Davis Lab | MIT

Structural biology

Visualizing heterogeneous structural ensembles

We are actively working on new computational frameworks to extract ensembles of heterogeneous structures from single particle cryo-EM datasets. Our first application of these ideas produced cryo-DRGN (Deep Reconstructing Generative Networks), which has garnered great interested from the cryo-EM community, and was recently published in Nature Methods. CryoDRGN employs a series of neural networks arranged as a variational autoencoder to 1) embed single particle images in a low-dimensional latent space, and 2) reconstruct 3D density maps from data-occupied regions of this latent space. Together, these networks efficiently classify the particles in a continuous space, which allows us to visualize continuous motions as well as discrete compositional changes. Critically, in contrast to many approaches, one need not specify the number of classes expected nor the types of motion expected.

We can use the maps cryoDRGN generates to identify new structural states that help us understand how molecular machines work. Moreover, we can generate movies of the molecules transitioning from one state to another by traversing along the latent space data manifold, generating structures along the way. Such movies help us understand how structural dynamics facilitate assembly or function.
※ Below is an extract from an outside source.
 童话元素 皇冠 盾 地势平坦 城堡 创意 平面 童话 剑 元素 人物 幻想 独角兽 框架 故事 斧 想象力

In related work, we are developing analysis tools to interrogate and interpret the overwhelming number of distinct 3D maps that tools like cryoDRGN can generate.

More importantly, cryoDRGN has it’s own emoji - ❄🐉!!
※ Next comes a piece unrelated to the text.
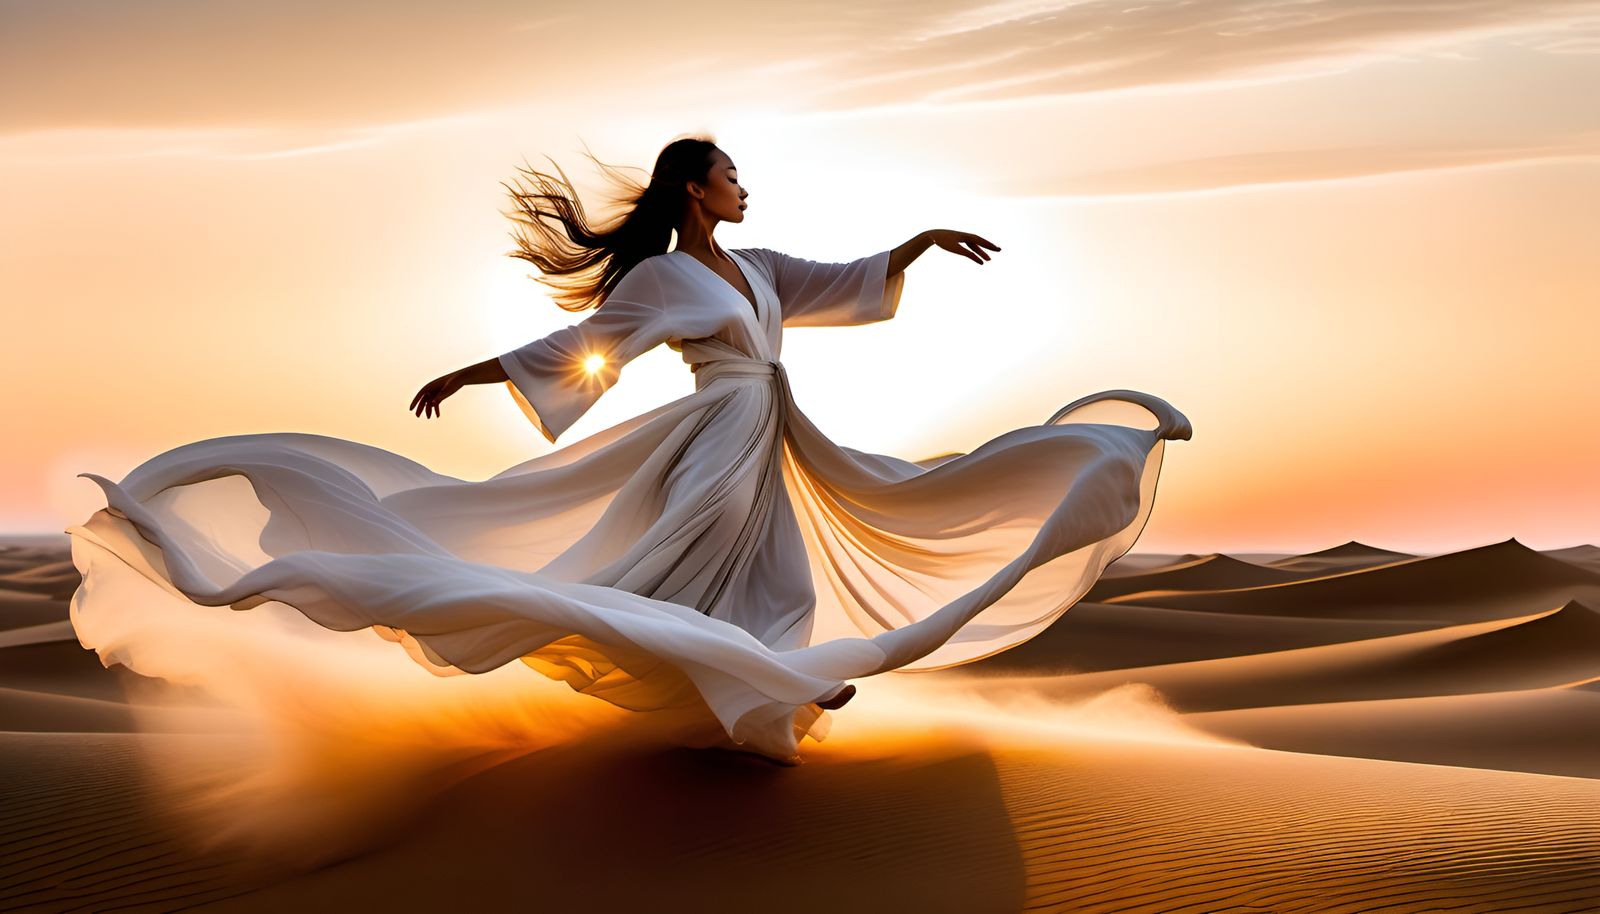 Dancer in the Desert

You can download and try the software yourself here.

in-situ structural biology

We were recently awarded a Sloan Research fellowship to extend our machine-learning based methods to complexes imaged directly in cells. If successful, this technique would allow us to visualize the full ensemble of conformational changes these machines utilize in their native cellular environment. Additionally, users could then spatially catalog how the structures vary throughout the cell. For example, we expect to see ribosomes undergoing assembly near the nucleolus and, with this approach, we could quantify how the distribution and maturity of ribosomes assembly intermediates varies throughout the cell. Learn more here.
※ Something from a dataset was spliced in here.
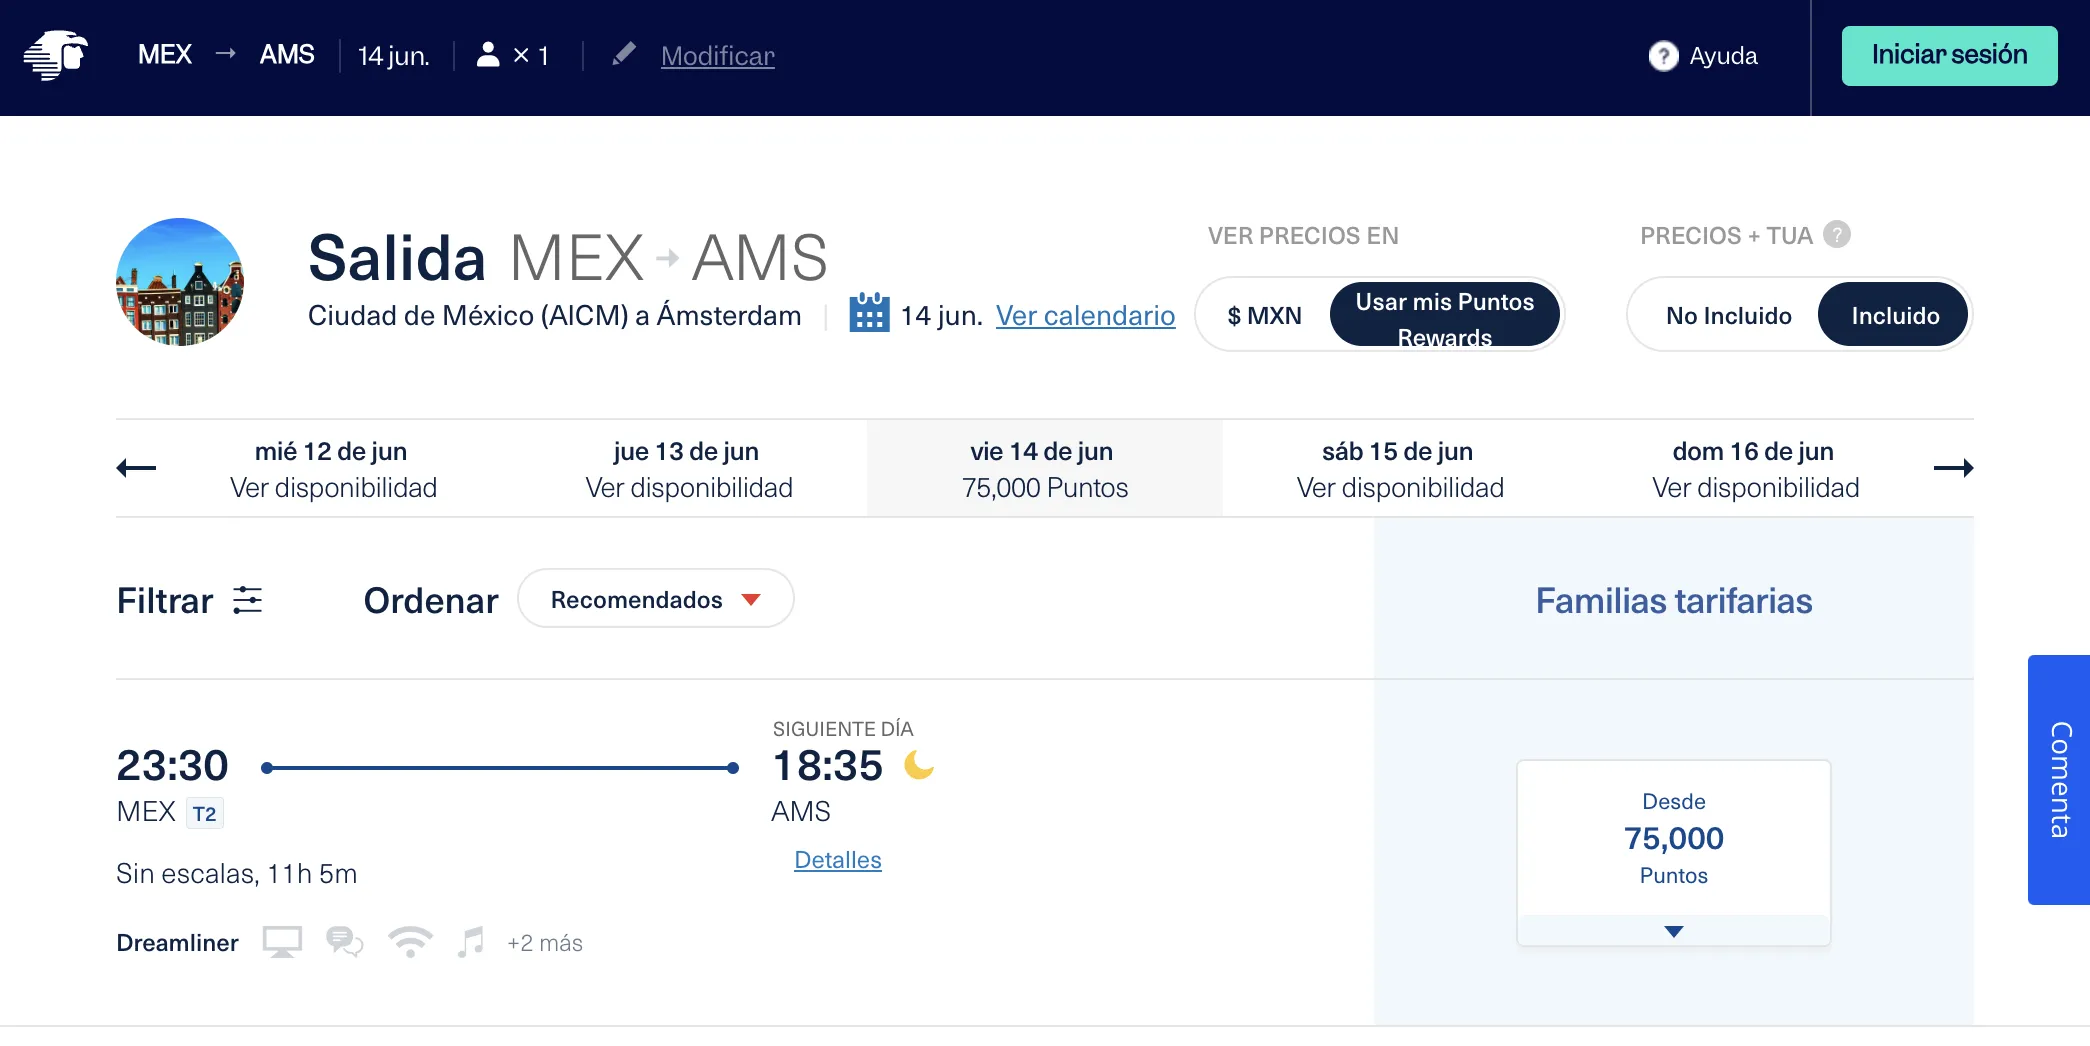 AwardFares redirects you to Aeromexico website to book Aeromexico Rewards awards.

model COMPLEXES FOR STRUCTURAL STUDIES

To guide our development of the computational tools described above, we are also building software to simulate highly heterogeneous single particle cryoEM datasets. This tool, which is implemented in Python, is based a seminal description of how one could model noise in single particle cryo-EM datasets by Baxter et al.

Our tool allows users to 1) convert an atomic model to a 3D density map; 2) generate noiseless 2D projections of this 3D density map from desired projection angles; 3) corrupt the particle image with white Gaussian noise and the contrast transfer function using desired noise and CTF parameters. The resulting images can then be used to test the efficacy of 3D reconstruction algorithms.

In related work, we are also building physical complexes with defined structural heterogeneity, which we can use to benchmark our 3D reconstruction tools.